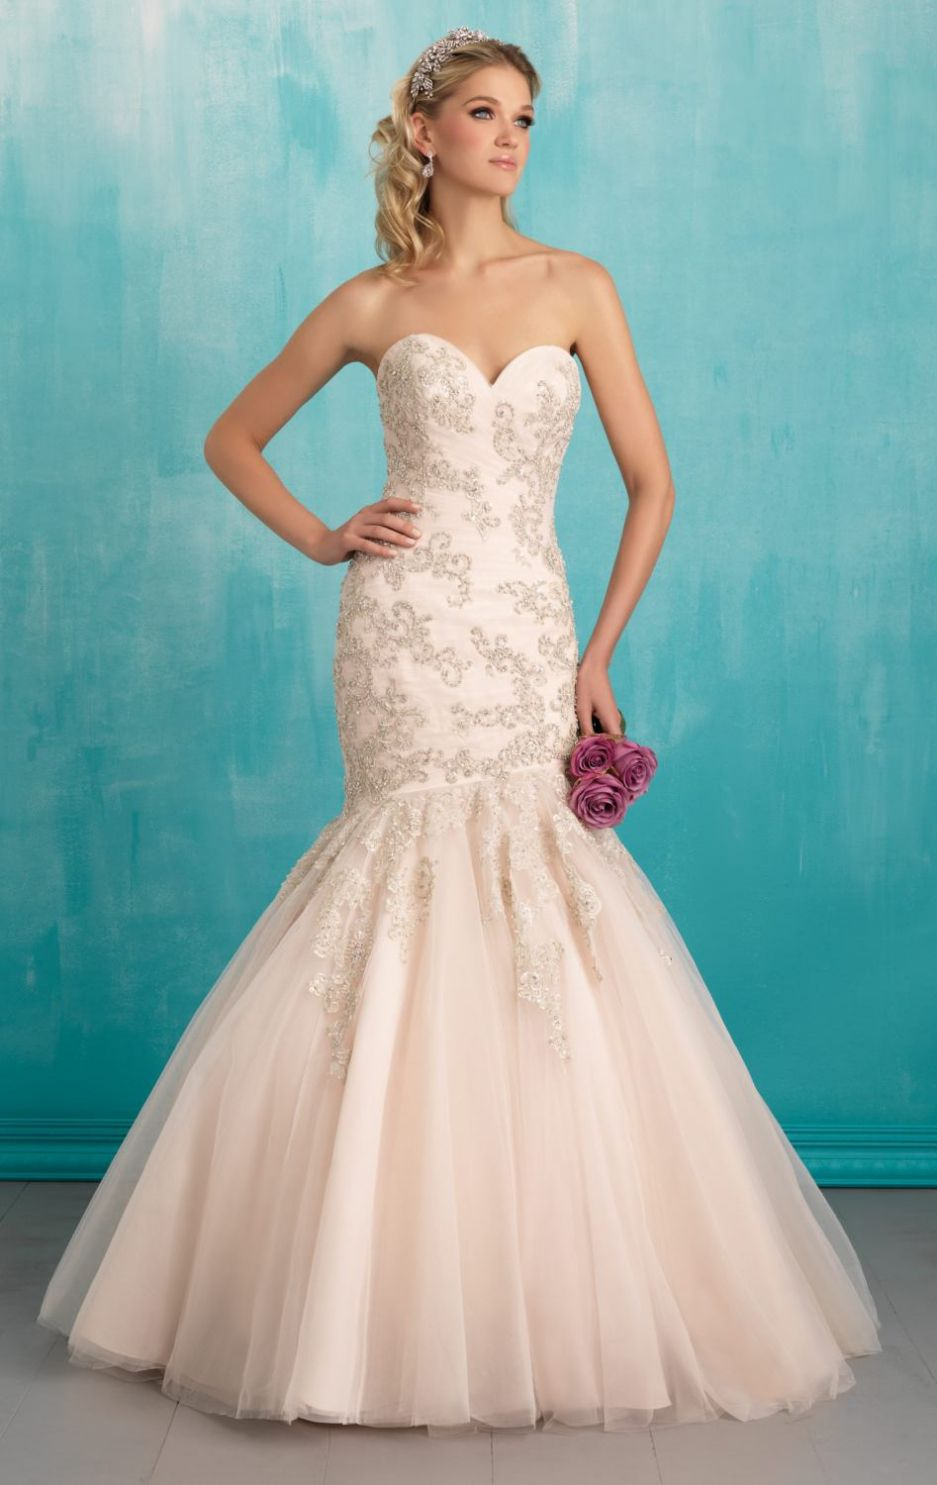 Wedding Dresses, Wedding Dress, Long Dresses, Mermaid Wedding ...
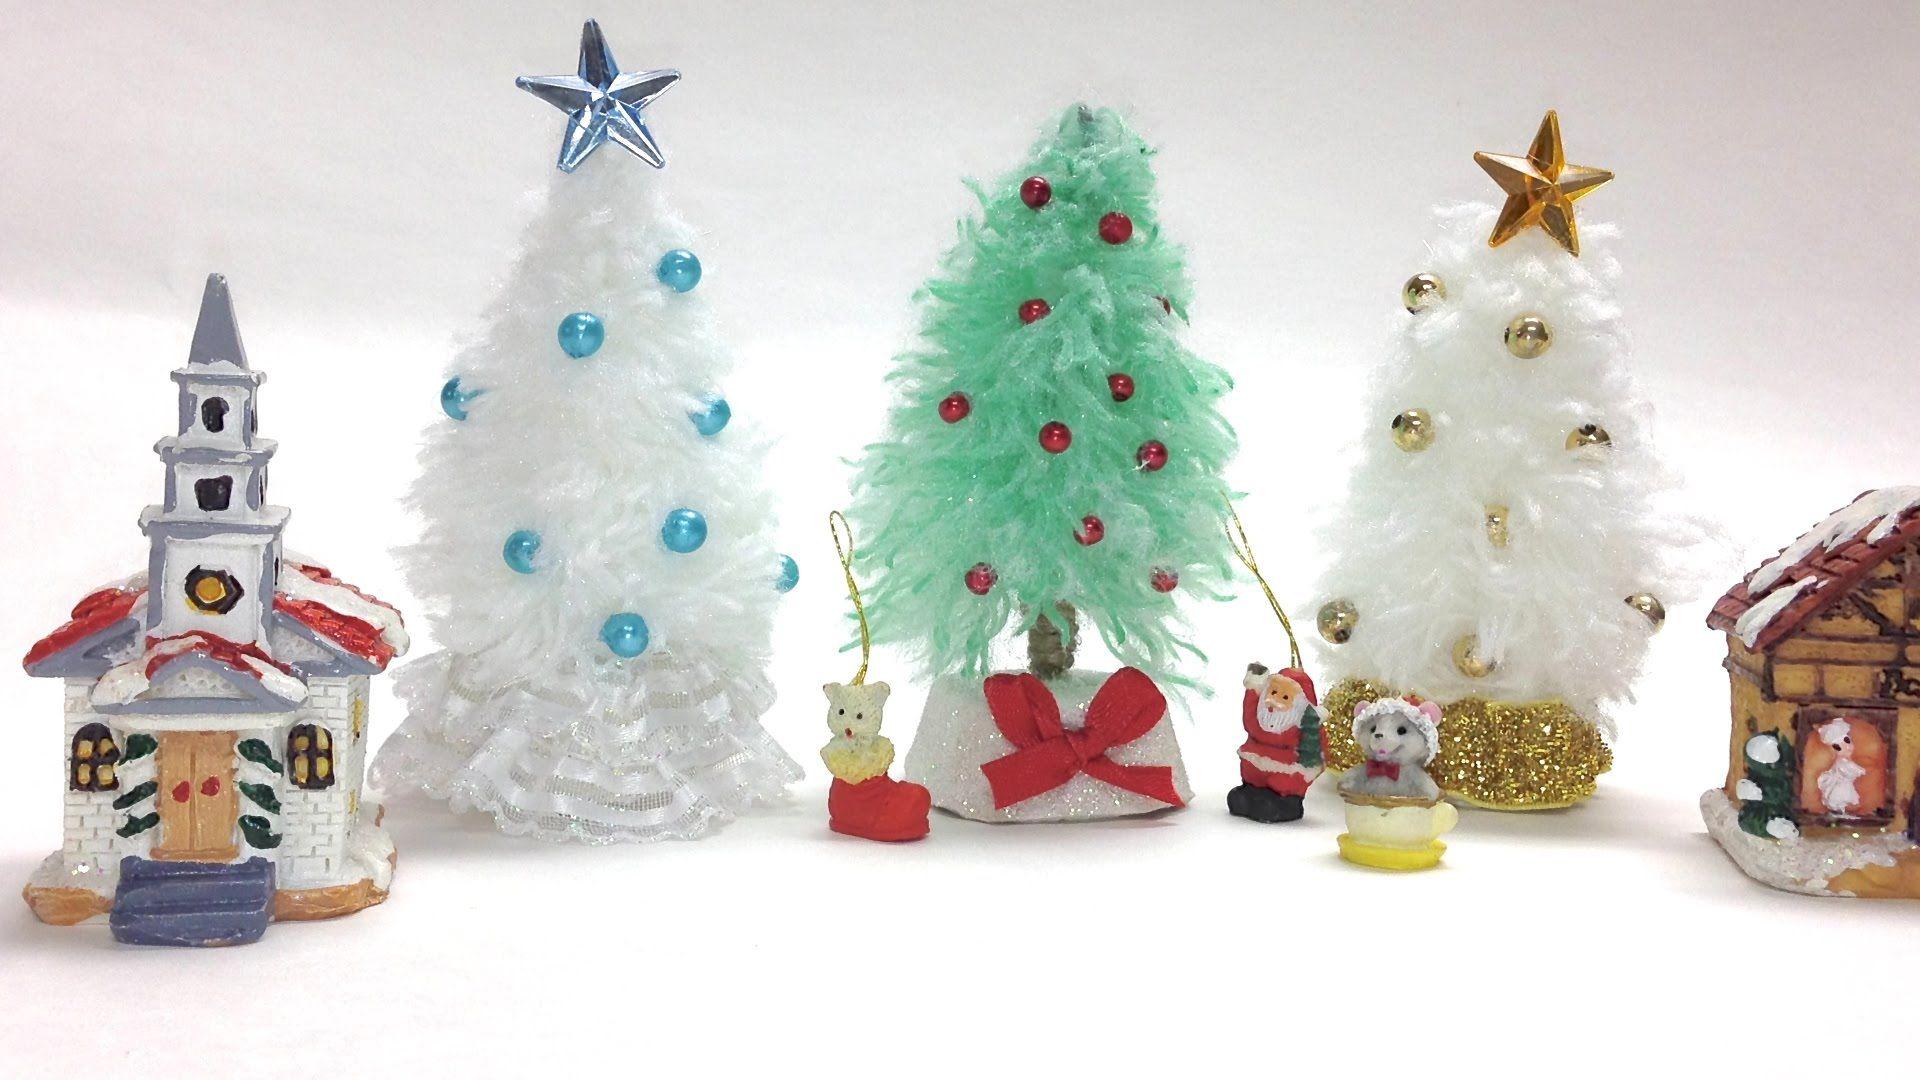 Como Hacer Arboles De Navidad Mini Mini Arbol De Navidad Arboles De Navidad De Papel Arbol De Navidad
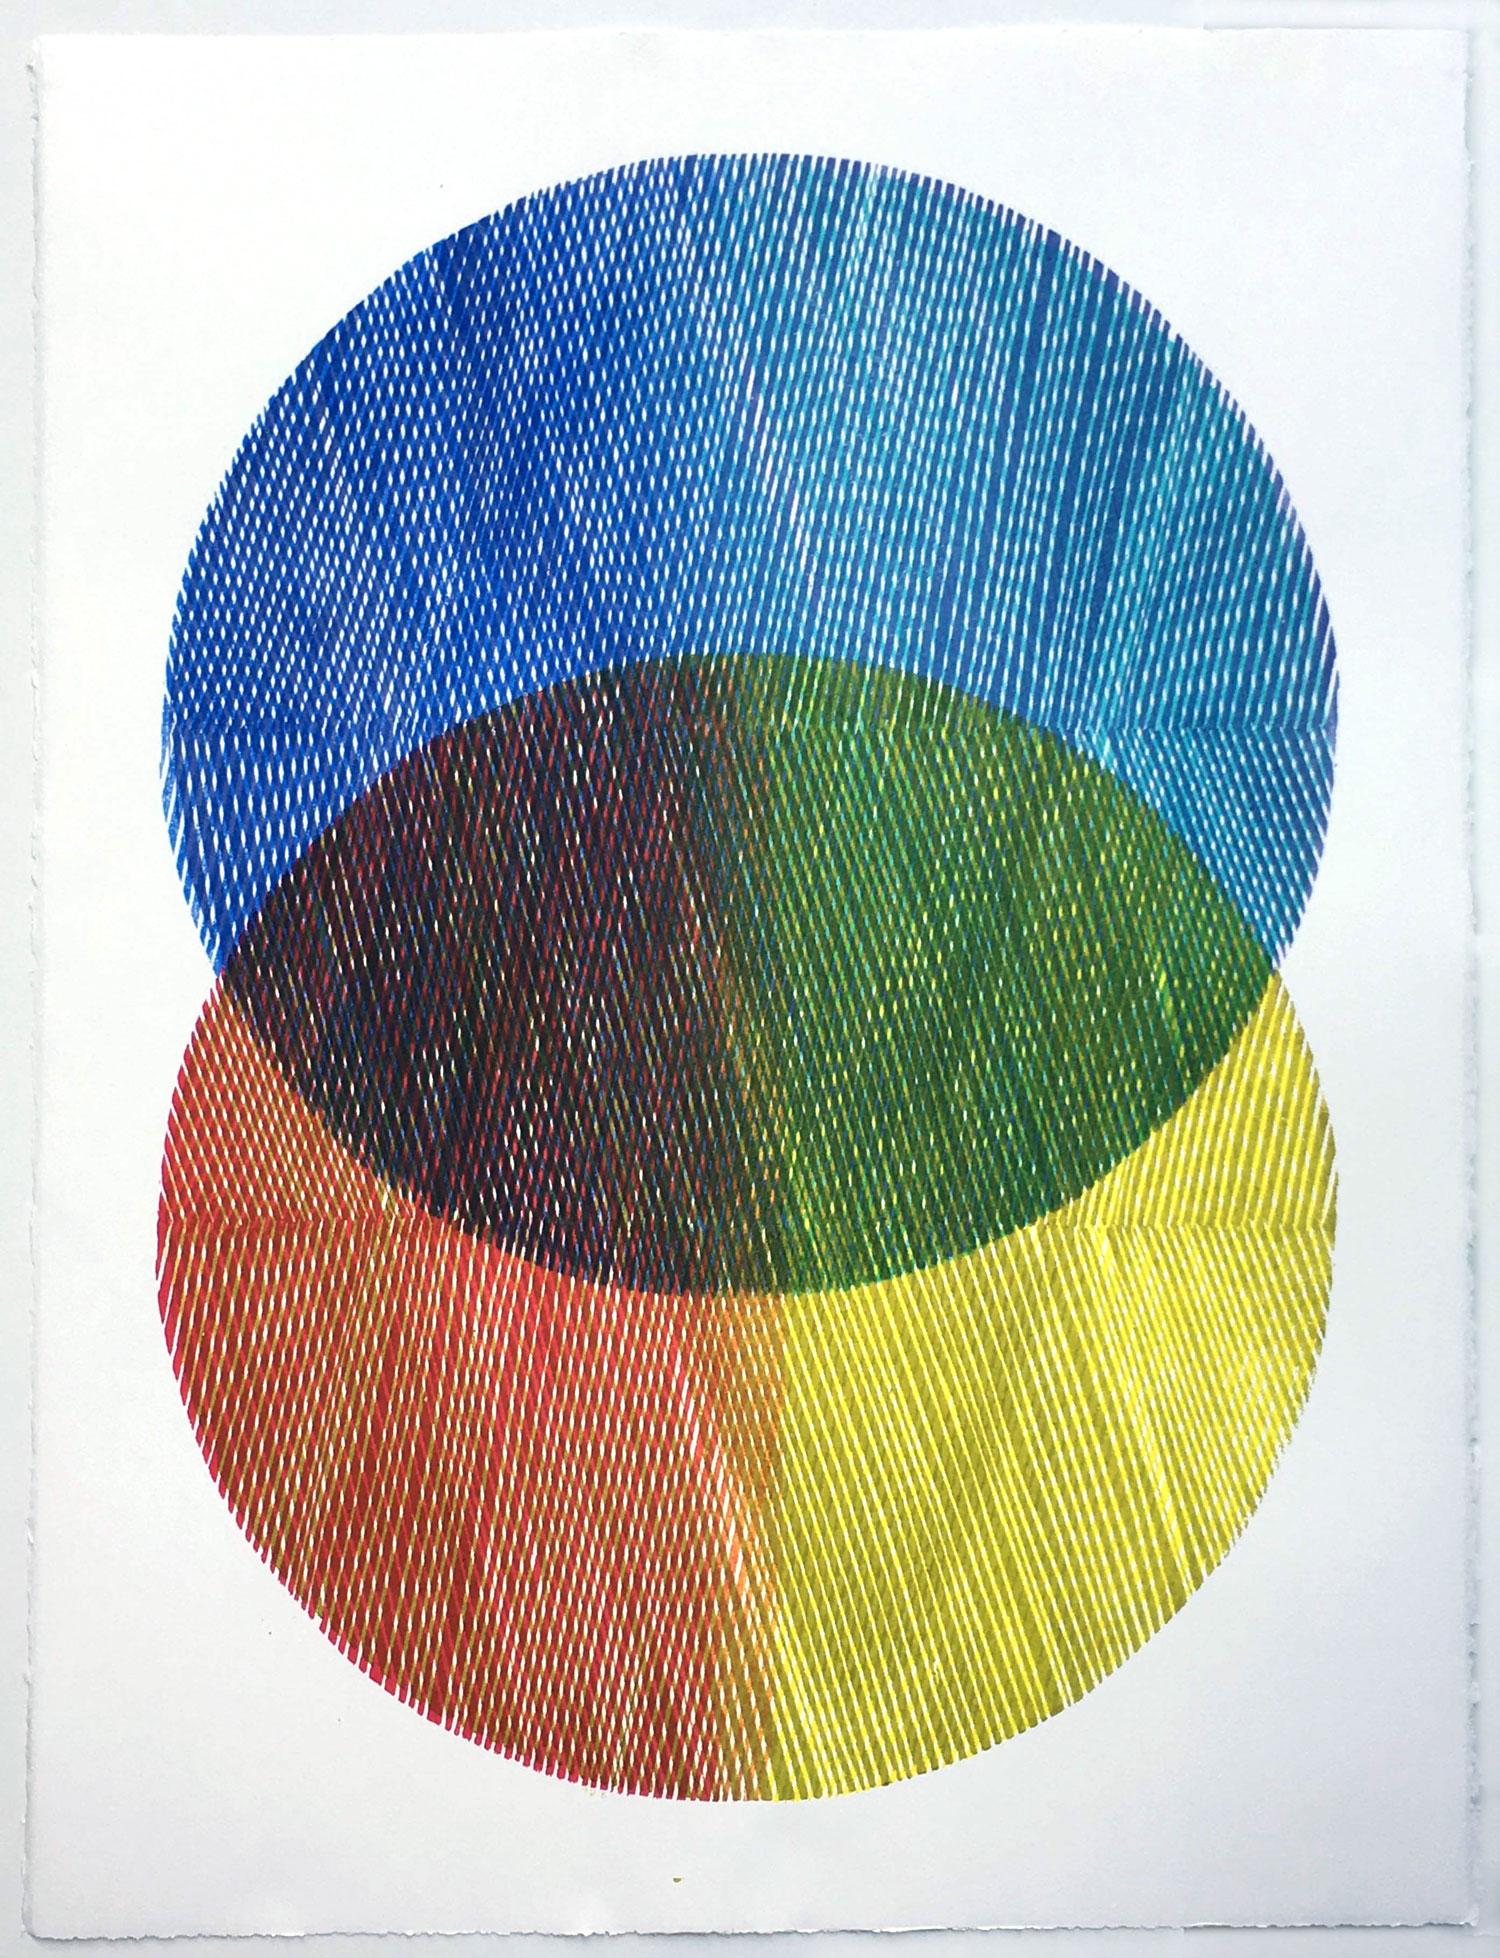 Lucinda-Tanner-Mandorla-Study-III
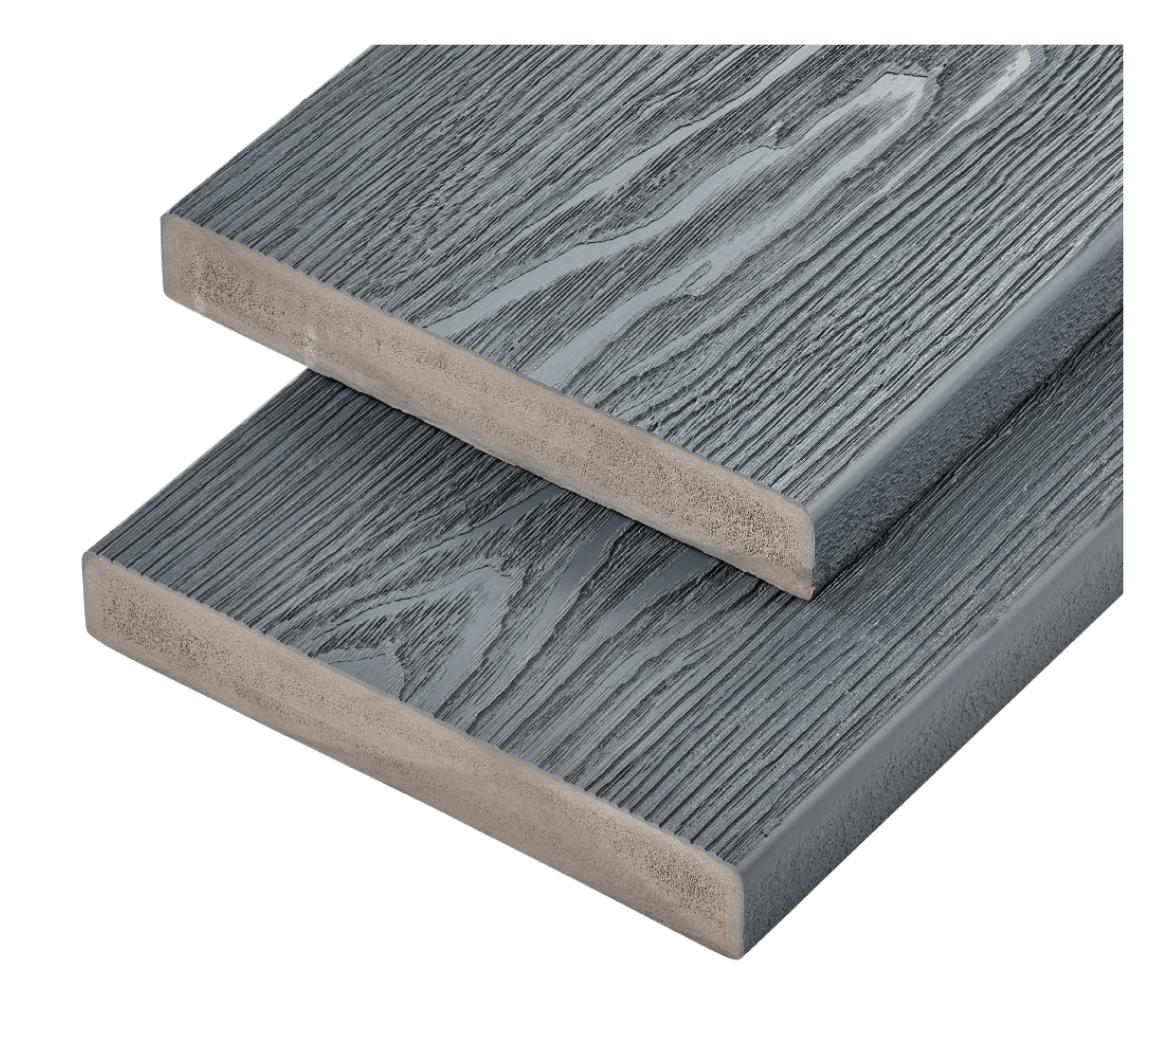 Capstock PVC-ASA Woodgrain Effect Premium Grade Decking Board

* **Your goal**
Set the listing down verbatim, excluding pictures.

* **Exercise answer**
 Wedding Dresses, Wedding Dress, Long Dresses, Mermaid Wedding ...
 Como Hacer Arboles De Navidad Mini Mini Arbol De Navidad Arboles De Navidad De Papel Arbol De Navidad
 Lucinda-Tanner-Mandorla-Study-III
 Capstock PVC-ASA Woodgrain Effect Premium Grade Decking Board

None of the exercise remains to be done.